Ольга кивнула:
– Конечно.
Анна Владимировна не ответила.
Полковник повернулся к Зяблику, взял его под локоть и отвел в сторону:
– Как прошло опознание?
Старлей поскреб кончиком карандаша у себя за ухом и поморщился.
– Да как оно могло пройти, товарищ полковник? – Зяблик убрал в нагрудный карман рубашки карандаш и свой замусоленный блокнотик, он периодически облизывал нижнюю губу языком. Гуров припомнил, что эта привычка была у старлея и прежде. – Слезы, истерики. Женщине пришлось сделать укол. Она там в обморок было хлопнулась от расстройства чувств.
– Я не об этом спрашивал, – перебил собеседника Гуров. – Меня интересует сейчас официальная сторона дела.
– Ну, в этом плане – полный порядок, – кивнул Зяблик.
– А кто обнаружил тело?
– Алкаш один. Бомж. – В голосе старлея появилось неприкрытое пренебрежение. – Он то ли поспать забрел на эту стройку, то ли отлить приспичило. Хрен его разберешь. Он сейчас в отделении. Будете разговаривать с ним, товарищ полковник?
– Непременно, – ответил Гуров. – Вместе и поедем в РОВД. А пока приглядывайте за женщинами. Как я понял, у вас уже имеется опыт по этой части. Успокоить, предотвратить обмороки и все такое…
Зяблик растерянно заморгал глазами, и его нервный тик с облизыванием губы усилился. Однако полковник уже оставил его и деликатно постучал костяшками пальцев в дверь лаборатории.

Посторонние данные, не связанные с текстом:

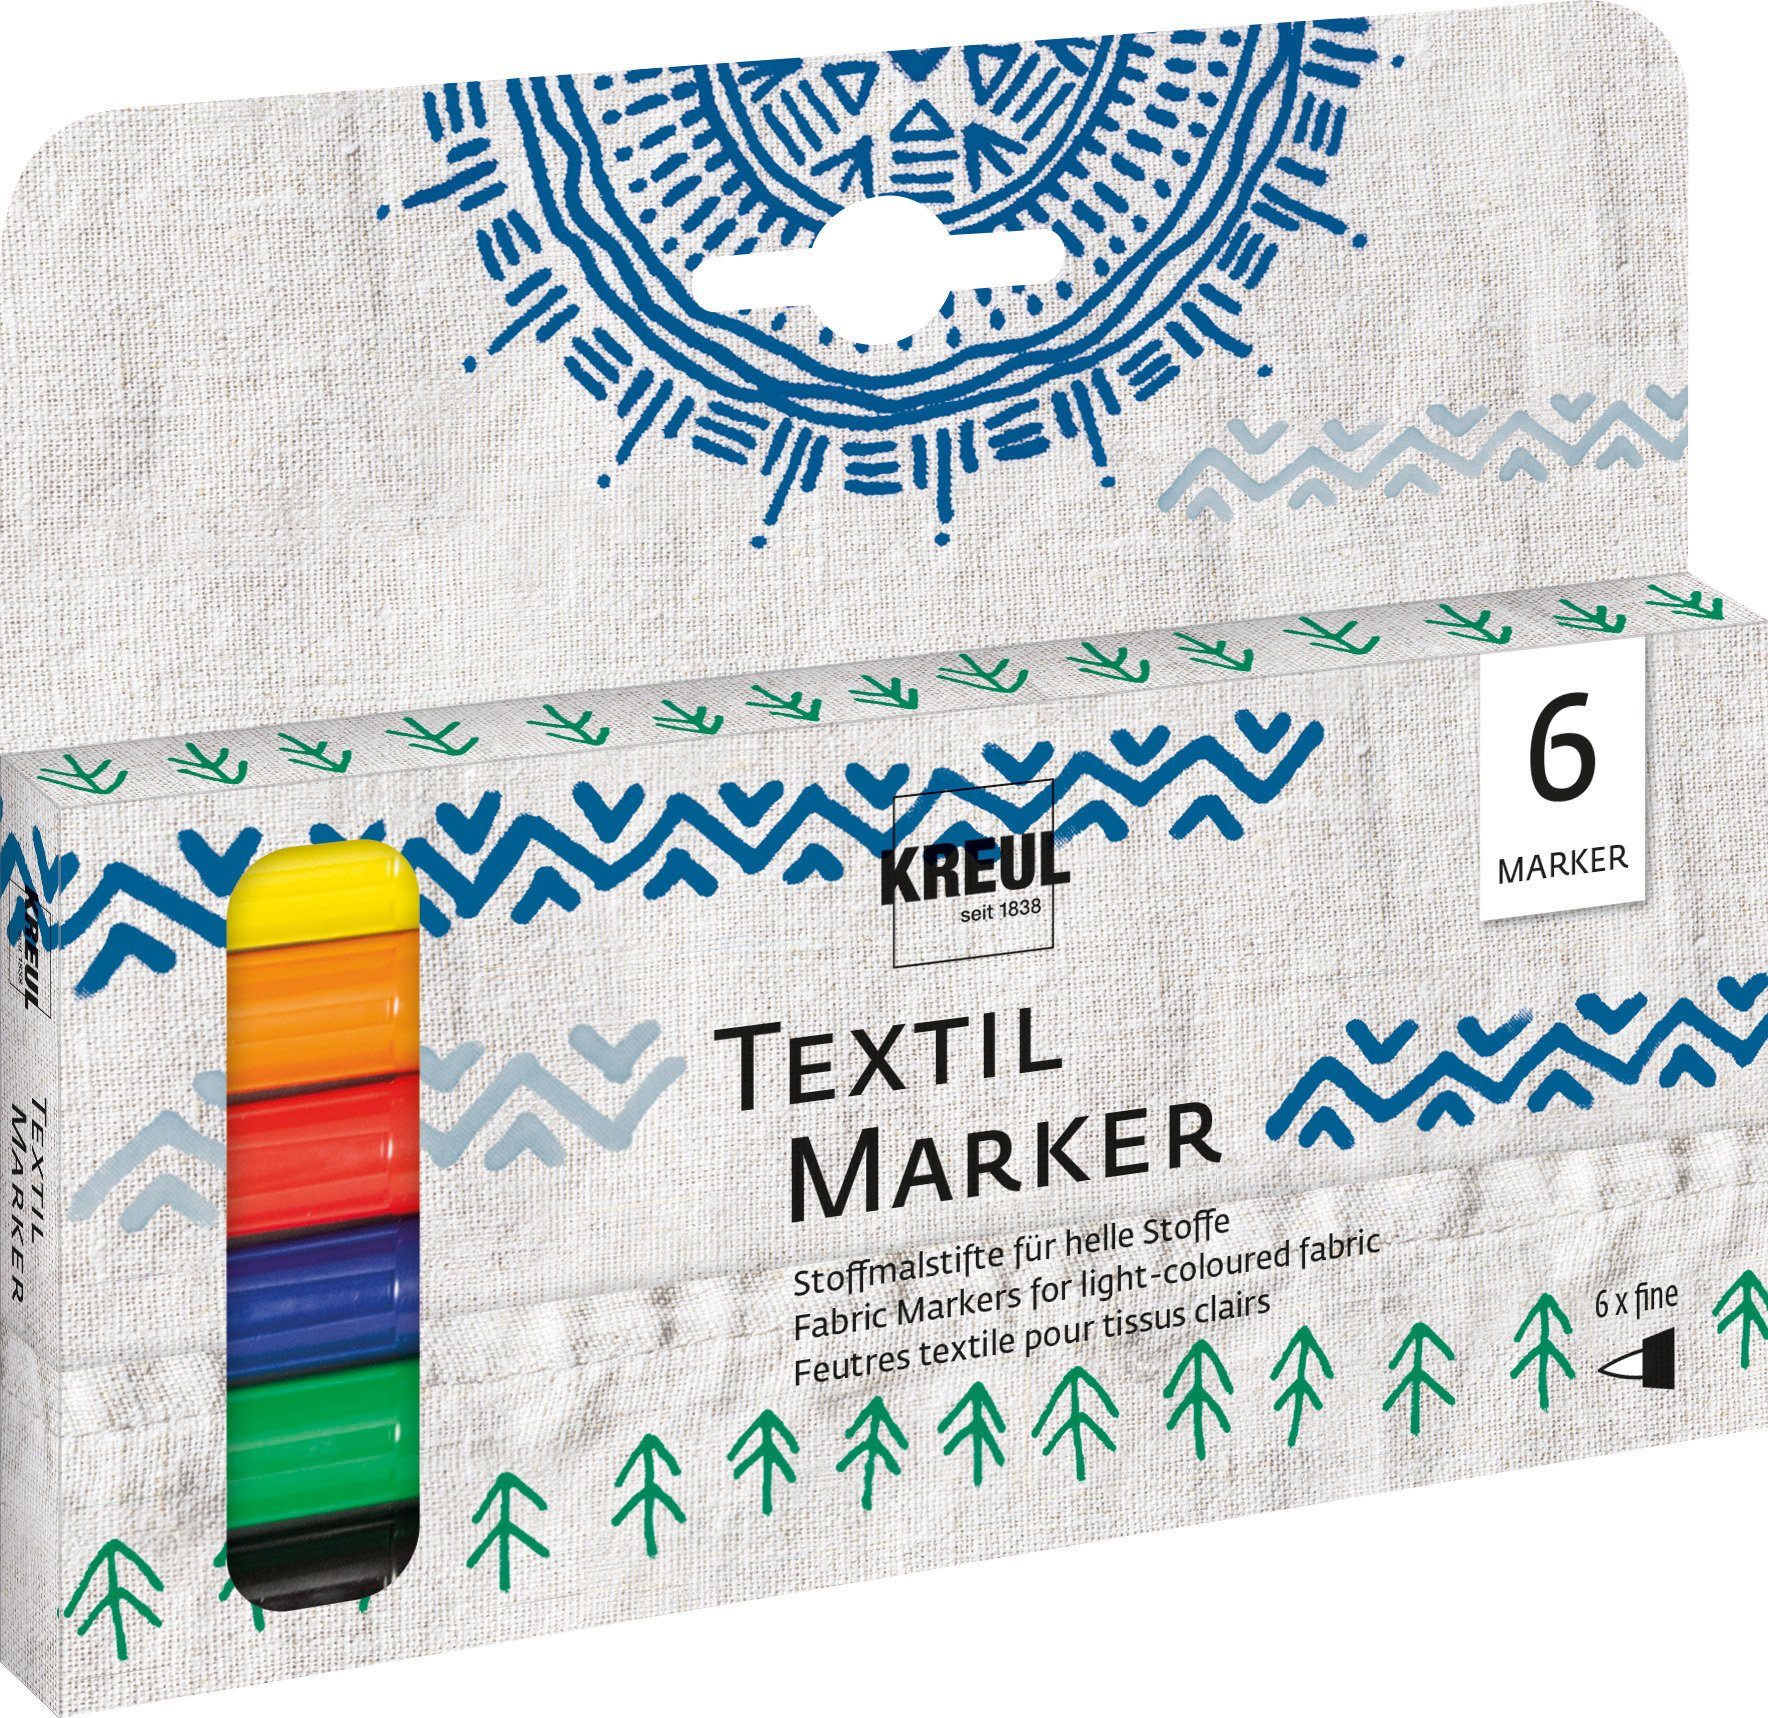 Kreul Textilmarker Textil Marker fine, 6er-Set

– Да-да, – коротко откликнулся медицинский эксперт, невысокий кряжистый мужчина лет сорока пяти с седыми, зачесанными на косой пробор реденькими волосами. – А, это вы, Лев Иванович! Ждал, ждал вашего прихода. Значит, все-таки из вашей коллекции дамочка? Вернее, то, что нынче от нее осталось. Трупик-с.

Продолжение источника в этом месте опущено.